Tarantini racconta questi ricordi con gratitudine e con un senso di responsabilità profonda: «Oggi vengo in Poliambulanza e vedo ancora qualcosa di quello spirito. Lo vedi nei volti, nella gentilezza. Lo respiri. Ma mi chiedo: chi lavora qui sa davvero che fa parte di una grande storia?».
«Se davvero tutti portassero dentro quello spirito, non solo ne guadagnerebbe Poliambulanza, ma ne guadagnerebbero loro. Come persone».
Una memoria, quella di Madre Eugenia e di Camadini, che non è nostalgia. È una traccia. È l’origine di una cultura organizzativa fatta di prossimità, visione, coraggio. Quella cultura che ha permesso a Poliambulanza di diventare ciò che è: un luogo di eccellenza clinica, ma anche di umanità. Un ospedale che – come racconta Tarantini – accoglie senza differenze, dove «il magistrato e l’imputato, il medico e il malato, alla fine, sono nella stessa stanza. E ci ricordano che siamo tutti sulla stessa barca».
Ed è qui che la storia personale si fa memoria condivisa. È qui che le radici diventano futuro. «Quello spirito va custodito e riattualizzato. Non si tratta di ripetere le stesse forme, ma di riconoscerne la sostanza. La fede operosa, la visione del bene comune, l’amore per l’umano».
Oggi, in un mondo troppo spesso attraversato dalla cultura dell’efficientismo a tutti i costi e del cinismo, il messaggio di queste due figure sembra ancora più attuale. «Quando le persone non si sentono solo curate, ma accolte, allora capiscono che questo posto è diverso. E se ne ricordano».

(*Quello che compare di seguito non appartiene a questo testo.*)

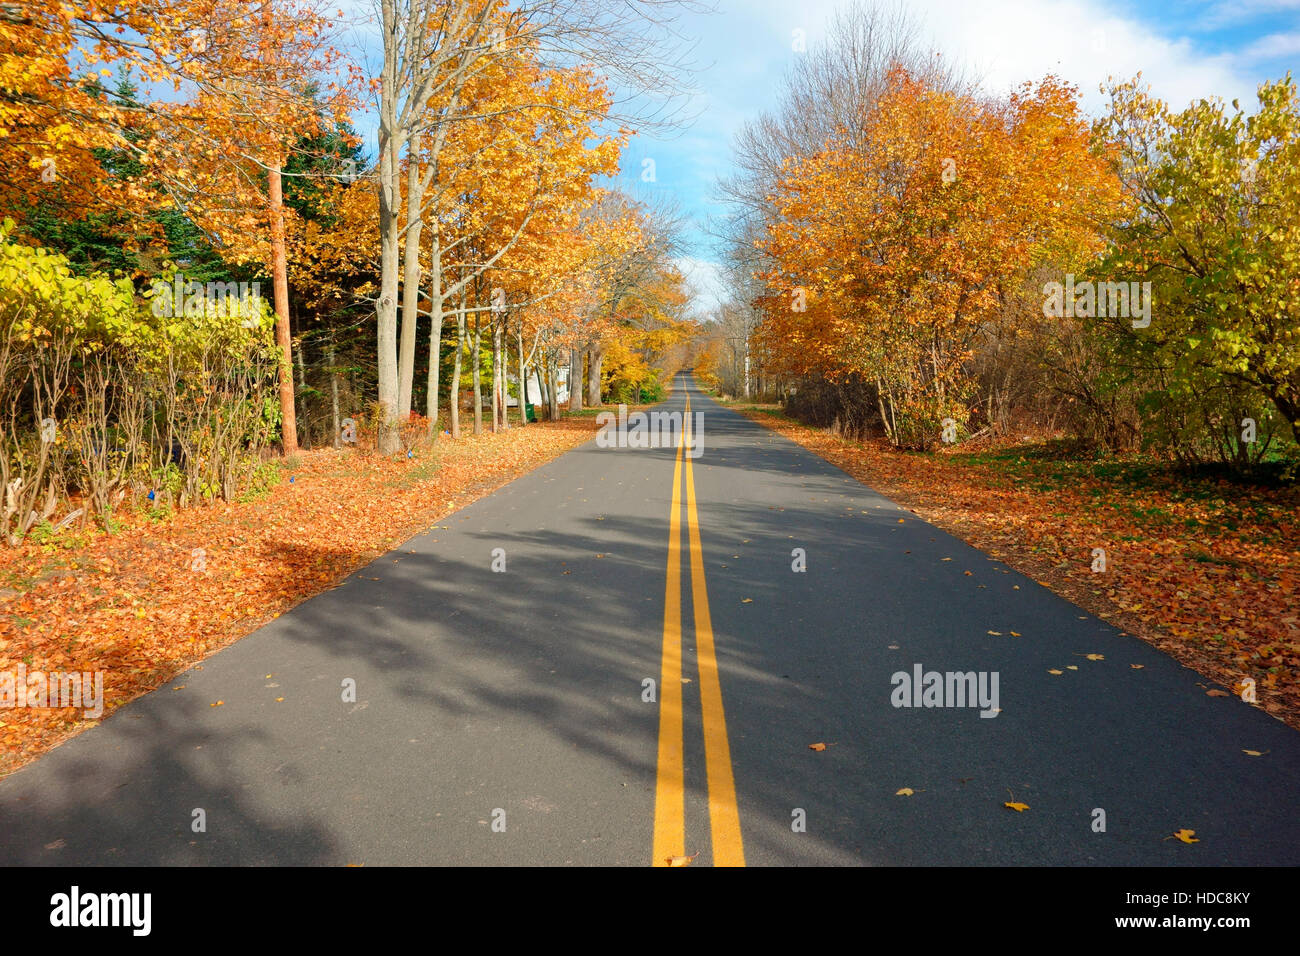 A rural paved road in Nova Scotia, Canada during autumn season Stock Photo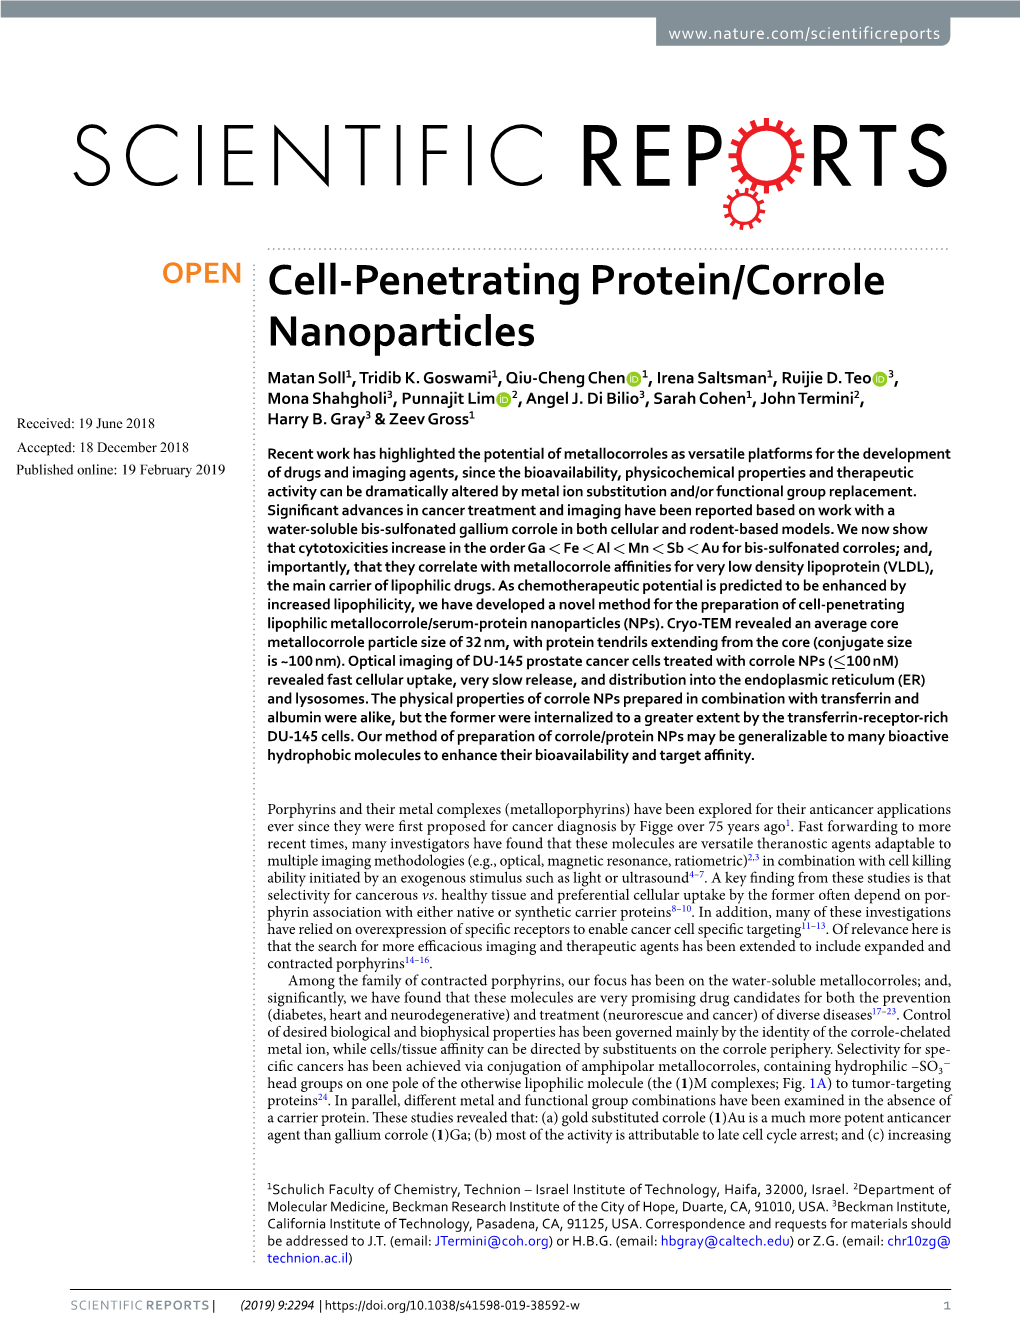 Cell-Penetrating Protein/Corrole Nanoparticles Matan Soll1, Tridib K

«Quello che costruisci con lo spirito giusto, dura. Anche se non lo vedi subito. È come la cupola di San Pietro: chi ha iniziato a costruirla sapeva che probabilmente non l’avrebbe mai vista finita. Ma ha lasciato qualcosa che attraversa i secoli».
Questa è la vera eredità. Non un edificio. Ma una cultura. Un modo di guardare l’altro. Un modo di stare al mondo. E ogni volta che in Poliambulanza qualcuno offre un gesto gentile, uno sguardo in più, una parola buona, quel seme continua a germogliare.